若你当初没有起想掌控忘情宗的心思,没有跟孔雀联手将清焰师叔逼上绝路,那清焰师叔必定能护着后山封印安稳,鬼王不至于这般容易的冲破封印,将忘情宗肆意屠戮至尸横遍野!
那你此刻……
仍旧还是高高在上、养尊处优的丹峰峰主。
你苦心经营数百年的丹峰,细心教养的弟子,还有那满山的珍稀灵植和极品材料,都不会因为鬼王的出现而被毁得干干净净,烟消云散,再无踪迹可循。
你也不必如此狼狈不堪的苦苦追寻续命之道!
虽未明说,但这些情况两人皆心知肚明。
宣白气得浑身颤抖,心里如何想得并未表露出来,却是咬紧了压根不肯说出“后悔”二字,“他向来看不起我!明明手中握有整本《千方集》,却不肯将其赠与我,只肯让我摘抄三五张药方!”
“我根本就恨不得杀了他,为何要后悔!”
“他自己那么傻被算计,怪得了谁?!”
余茗差点被气笑了,“你也真是可笑至极。”
说着当真轻轻的笑出声来,“我这辈子再没见过能像你这般狠毒的医修,宣白,你看不惯谁,就非得将人踩进泥地里,将人弄死弄残才甘心。对我是如此,对清焰师叔如此。
对揽月城二爷也是如此……
你永远都不知悔改二字为何物,总觉得这天底下所有人都对不起你,唯独你自己是最厉害的那个。”
“但你可曾听天道轮回,报应不爽这句话。”
“鬼王自后山深渊中破印而出,将你丹峰弟子屠戮殆尽,抢走所有的丹药和炼丹材料,还将你伤成如此模样,就是你当年蓄意谋害清焰师叔的报应!”

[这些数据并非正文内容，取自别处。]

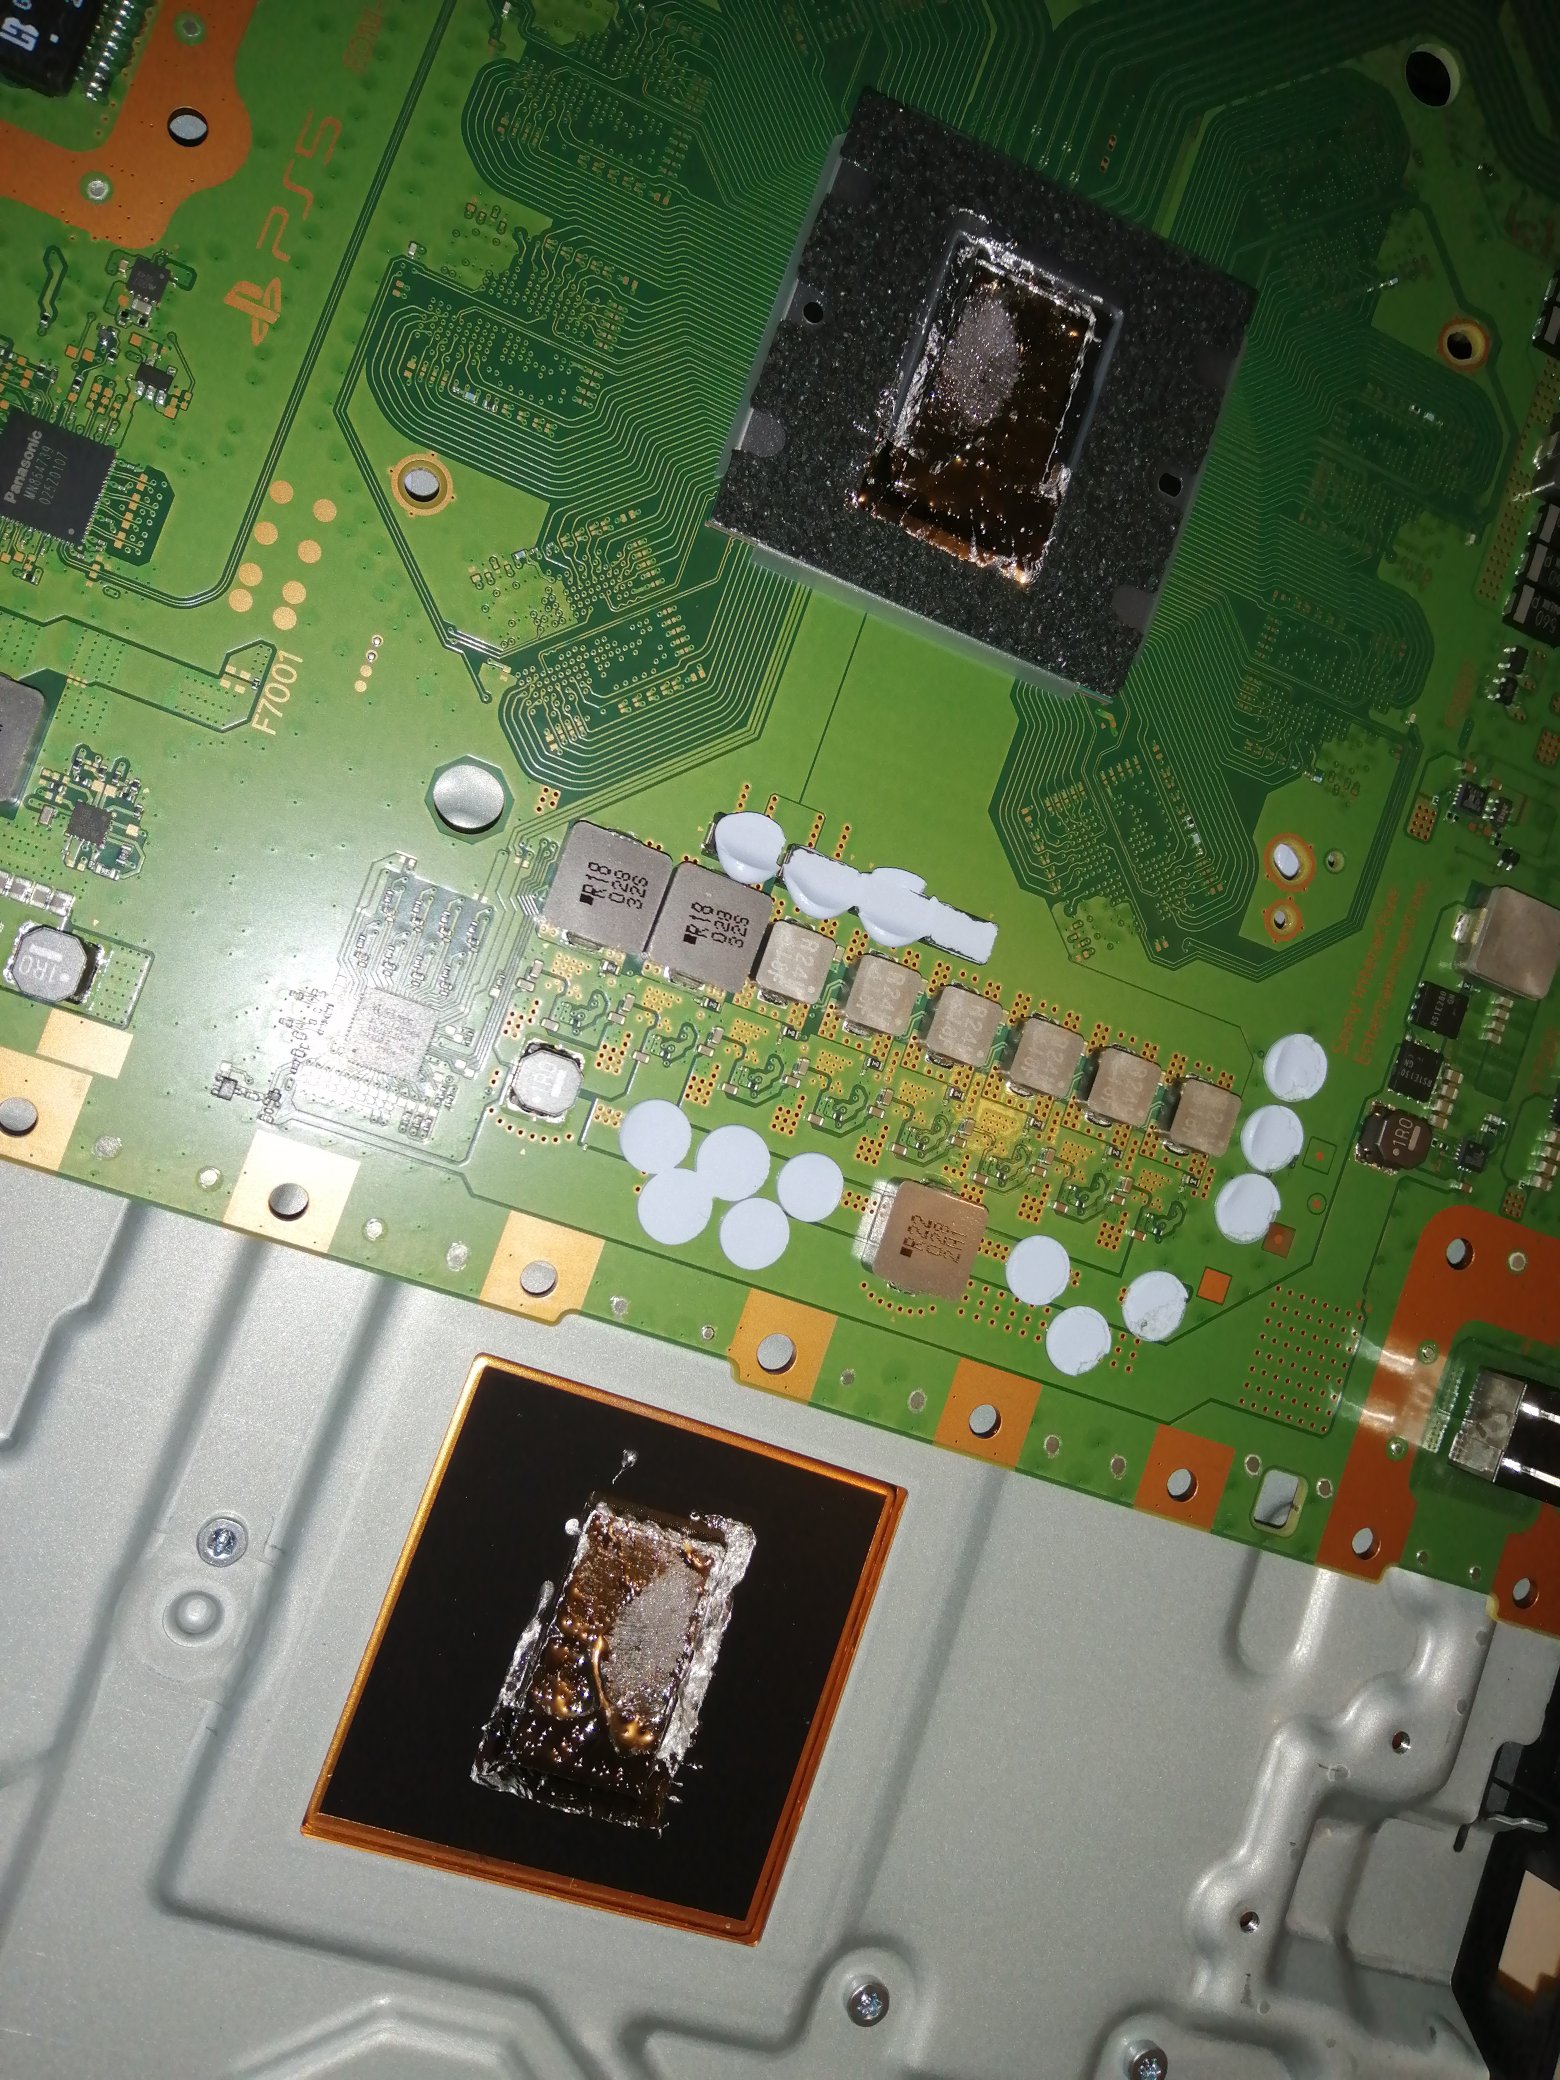 垂直放置 PS5 可能会导致硬件故障

“而揽月城那位二爷出现在玉城,十有八/九也是为了那两份玉髓而来,想来那两份玉髓不会落到你手中,你也再没有时间去寻求其他续命的灵物,这就是你当年想害他性命的报应。”
余茗看着他,轻轻的笑着的。
“宣白,你后不后悔,其实没什么关系。”
“你注定时日无多,注定要死在自己手中。”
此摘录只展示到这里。